そのやり取りを後ろでエステル・フォン・カーミラが歩きながら黙って見つめていた。
“言わなきゃ……”
リョウに戦場で命を助けられたことへの感謝の気持ちをまだちゃんと伝えらていない。
そっと脇腹の傷跡を服の上から手で押さえた。
だが、その一言が切り出せないまま黙々と歩く。
「総代、最近悩んでいませんか?」
ジンはヴィクトルの横から話しかけた。
2人とも上背があるので並ぶと壮観だ。
「……そんなことはない」
少し顔が曇りつつ否定するヴィクトル。
「ほら、それ、入団当初と全然違いますよ。最近、4、5班の面々から避けられていますよね」
「ジンは意地が悪いのか?」
「いえ。同期生としては気になるので。なんとか出来ないかと思っています」
「そうか……俺も、総代という役職を与えられていること、最初から理解しているさ。いろんな立場の違いはあれど、同期生をまとめねばと常に思っている」
「総代が戦場に出なかった、いや出してもらえなかったというのが本当でしょうが、そのことに対する不満……ですかね」
「確かに俺は父ジェイナスの息子、だが、三男だ。王位など回ってこないのは幼少期から理解している。ずっと自分がどうすれば国ために役に立てるか、そう考えて生きてきた。それで自らの意思で騎士団に入ったのだ」
“これがヴィクトルの人間性か”
ジンの脳に深く刻まれる。
「それなのにこの求心力の無さたるや……笑うか?」
自嘲気味のヴィクトル。
「いいえ。こうして初めてちゃんと話す機会があり、よく分かりましたとも。私たち3班は皆どちらかといえば中立。ですが心では総代を応援したくなりましょう」
「ジン……今までお前を誤解していたかもしれんな、ハハハ」
ようやく少し表情が明るくなるヴィクトル。
「そうですか?少なくとも同期生一同の絆が崩壊しないよう、尽力いたしましょう」
少し芝居がかったジンの言葉。
「3班には期待しているよ。頼んだ」
軽く頭を下げるヴィクトル。
1班のヘルムートやカルラ、ロナルドがその様子を少し遠巻きに見ていて、軽く顔を見合わせて微笑した。

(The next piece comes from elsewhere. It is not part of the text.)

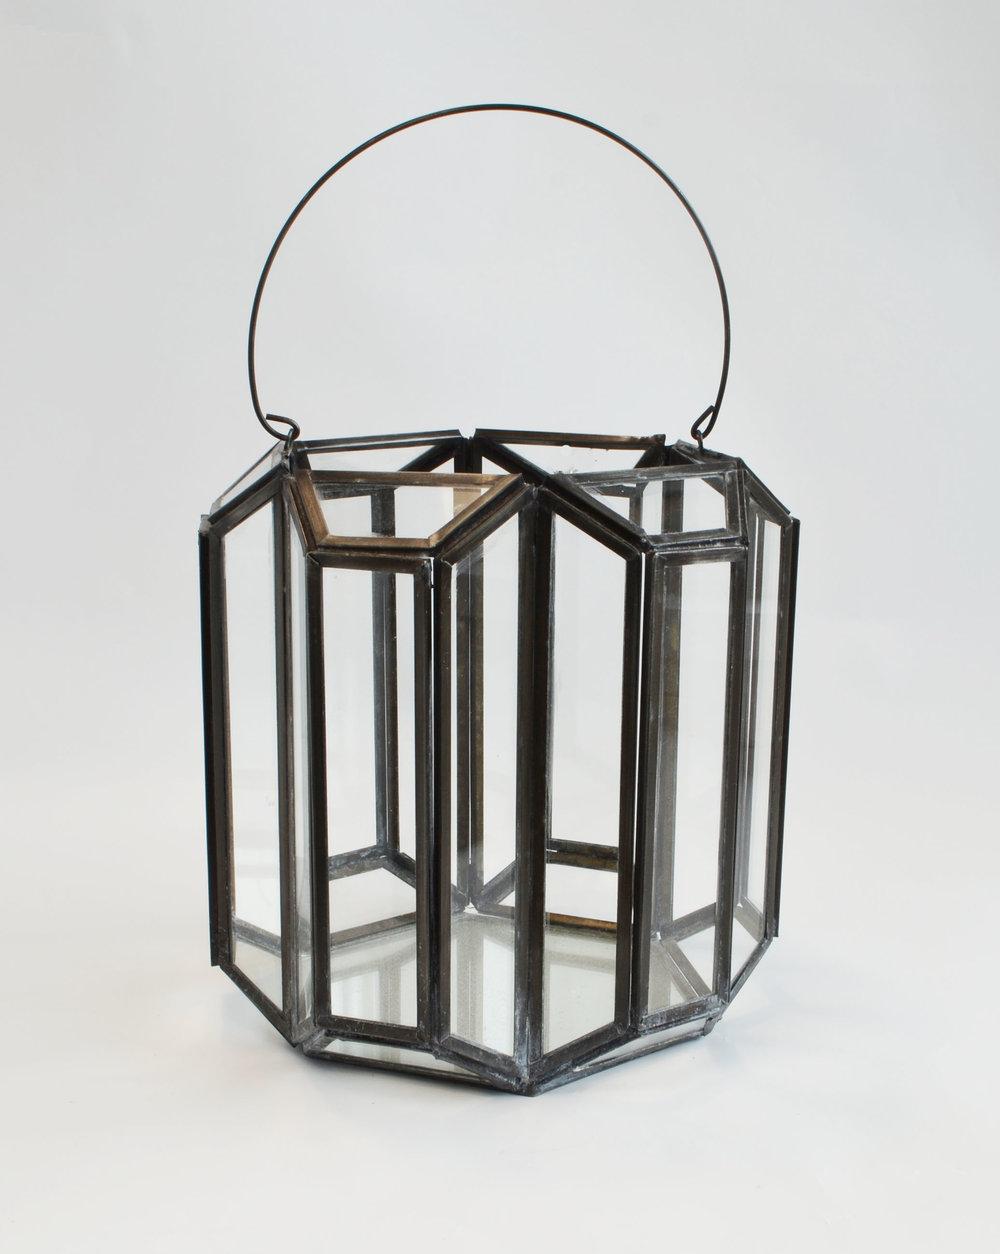 black geo polygon lantern   Quantity: 2  Price: $20.00

「あれ、もう40キロも歩いてんだ?あんまり疲れてねぇ……」
それでも汗を拭きながら、ファルク班長が街道の看板を見て呟く。
「それが魔力による身体ブーストの恩恵よ。ただ、魔力が切れると急に疲れるからね。その時は言ってちょうだい。補充してあげる」
ヤナは3人の様子を見ながら言う。
「……先生、ちょっと、しんどいです……」
アルマが肩で息をしている。
「精神魔法を身体強化に変換するの、課題があるわね。興味深いわ」
ヤナは面白がりながらアルマに魔力を流し込んで補充してやる。
急に元気になるアルマ。
「お礼はお金でいいですか?」
「はした金は要らないの。いつかの将来まで恩に着といてね?」
「こわっ!絶対覚えてるやん」
そのようなやり取りの中、前方からガチャガチャという音と怒号が聞こえて来た。
「4班と……5班だ、なんかモンスターの集団に襲われてるぞ!」
目の良いリョウが大きな声で皆に知らせた。